Sir William Taylor Money, FRS (c. 4 September 1769 – April 1834) was a Bombay Marine officer, merchant and politician. Serving as a captain in the Bombay Marine, he commanded several merchantmen before being appointed superintendent of the Marine, where he oversaw the protection of East India Company (EIC) shipping routes in the Indian Ocean. Money later became a director of the EIC and a member of parliament, contributing to British commercial policies, naval strategy and scientific exploration. Money Island is named in his honor.

==Early life==
He was the eldest son of Captain William Money of Wood End House, Walthamstow, a director of the East India Company for 1789–96, and Martha, the daughter of James Taylor.

==Career==
Money was commissioned in the Bombay Marine as a lieutenant on Rose in 1786 and in 1793 he became captain of the General Goddard belonging to Sir Robert Wigram, 1st Baronet, his father's business partner. After a successful initial voyage he was given the command of other Wigram ships including the Walthamstow. On his retirement from sea in 1801 he became the Marine Superintendent at Bombay, a post he held until 1813.

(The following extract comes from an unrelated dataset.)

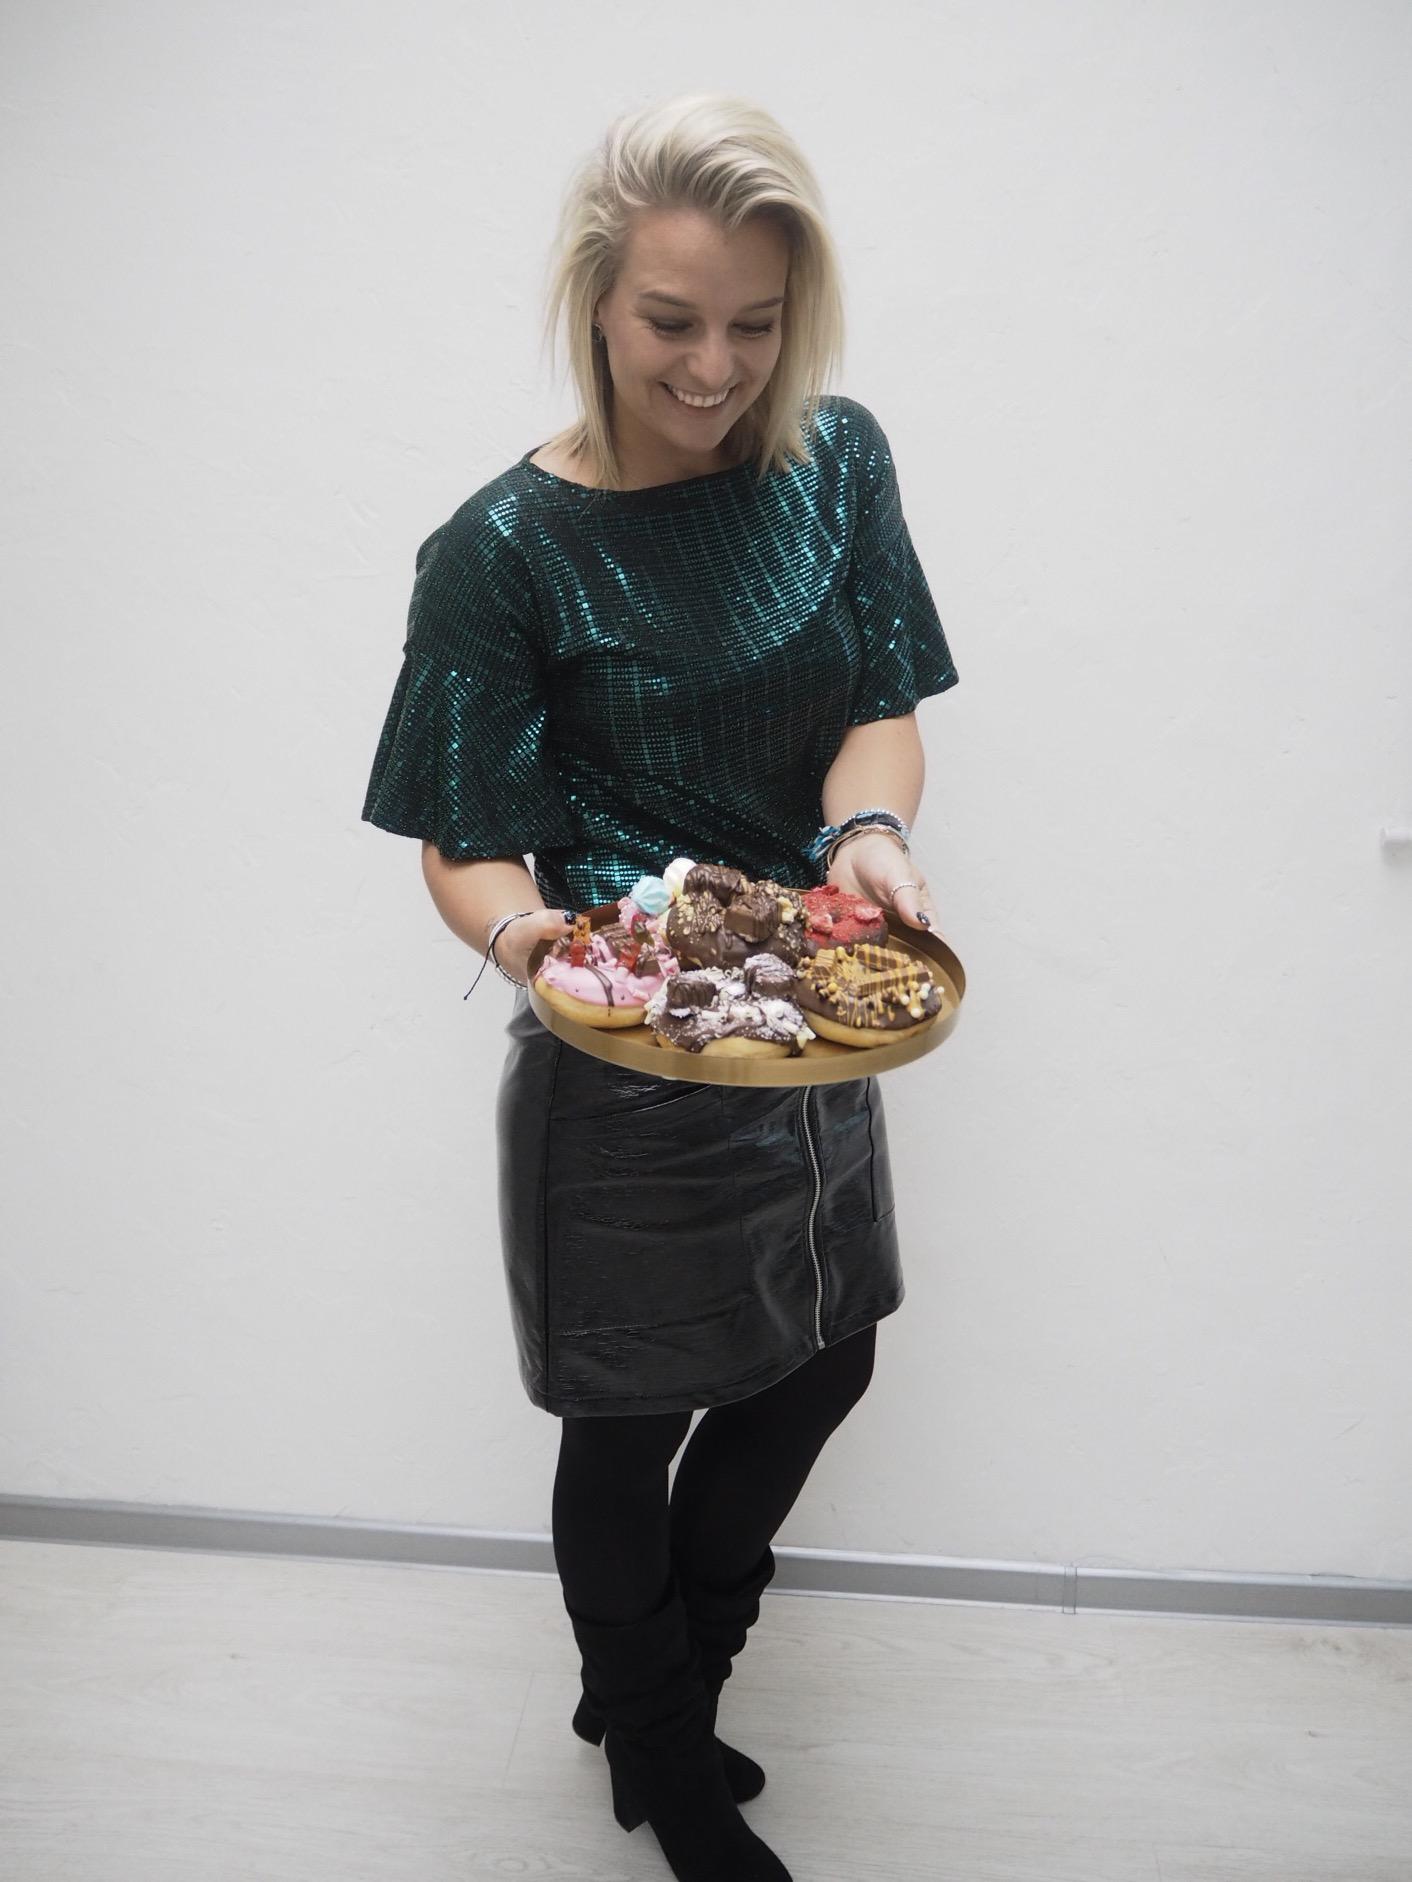 Tyhle dokonalé donuty byly také součástí flatlay workshopu s Aki.

During this period he served as president of the Asiatic Society of Bombay from 1815. He also gave his name to Money Island in the Paracel Islands group in the South China Sea which was named after him by the British naval surveyor Daniel Ross.

On his return to England he established a home in Streatham Park, Surrey and became a Director of the East India Company from 1818 to 1826. He entered Parliament as the member for Wootton Bassett from 1816 to 1820 and for Mitchell from 1820 to 1826. He gave up his Parliamentary seat in March 1826 when appointed consul to the Lombard states but died of cholera in Venice in April 1834.

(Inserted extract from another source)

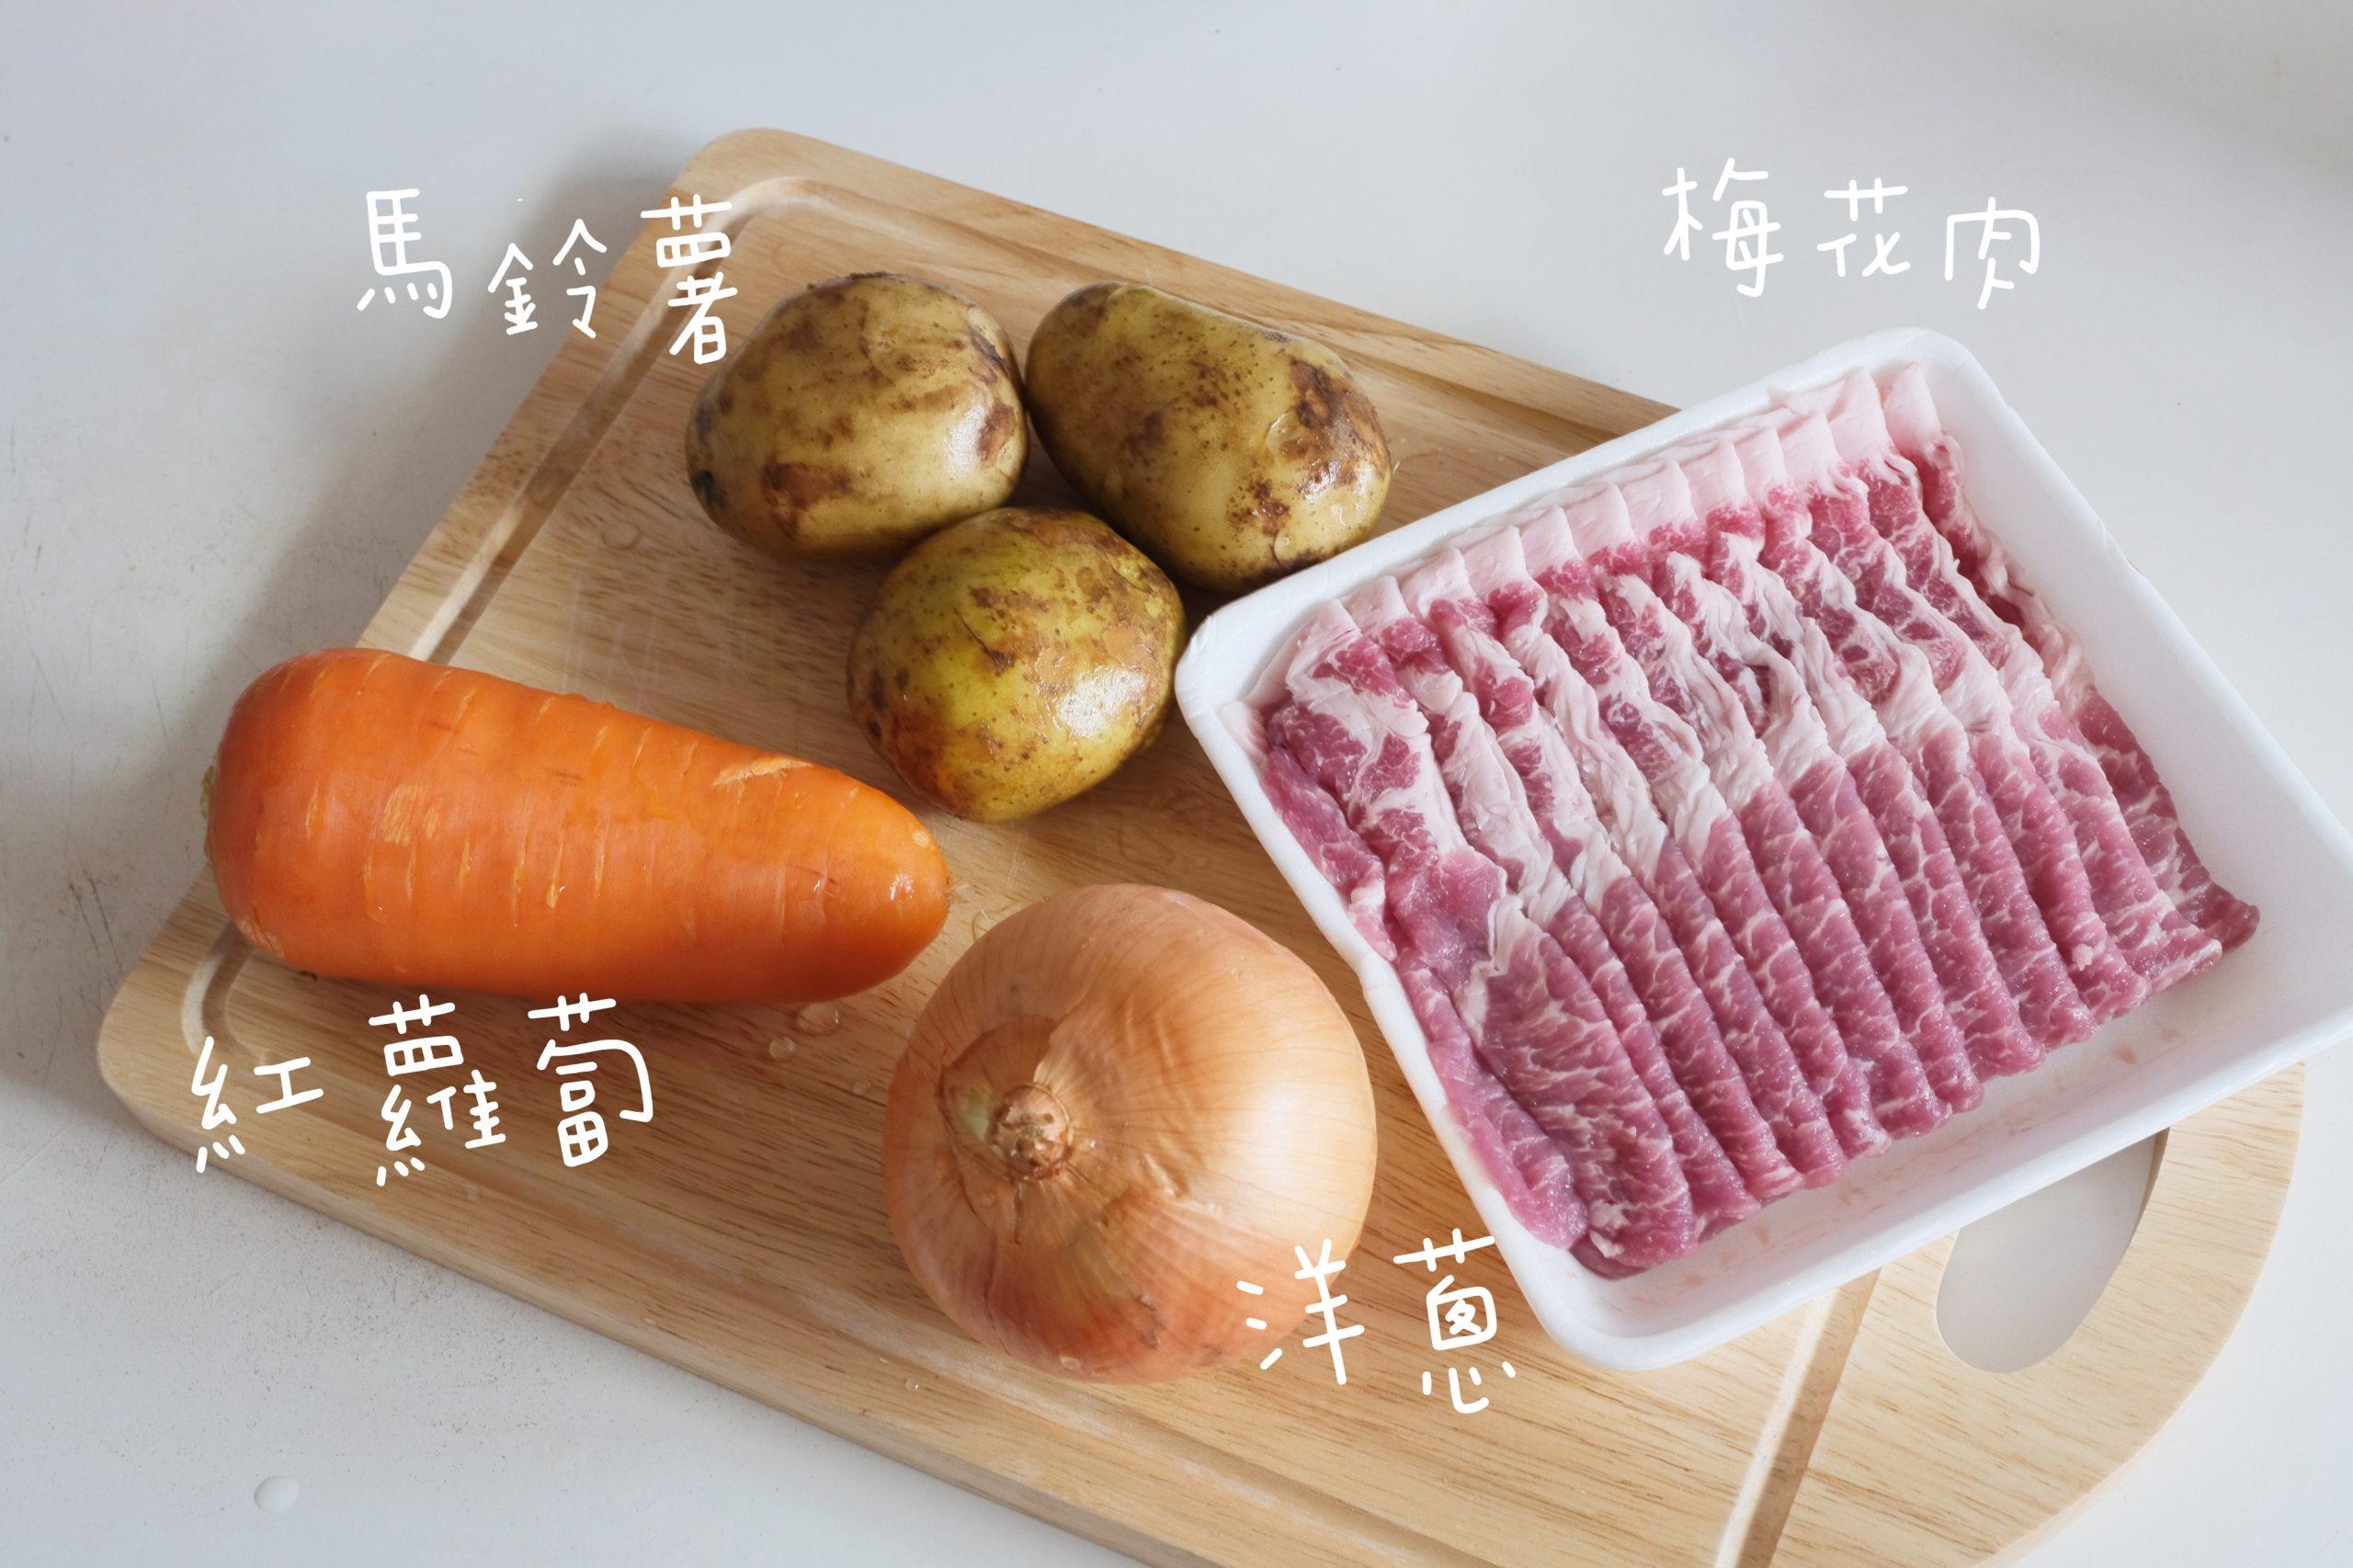 馬鈴薯燉肉食譜:最簡單快速的作法,零失敗的家庭料理 @飛天璇的口袋

He was elected a Fellow of the Royal Society in 1818. and invested a Knight of the Royal Guelphic Order in 1831.

==Private life==
He had married Eugenia, the daughter of William Money of Homme House, Much Marcle, Herefordshire, with whom he had 7 sons and 2 daughters. He left all his property to his wife in trust for their children, but his estate in Java had to be sold to pay his debts. Several of his children and grandchildren also served in the Indian army or civil service.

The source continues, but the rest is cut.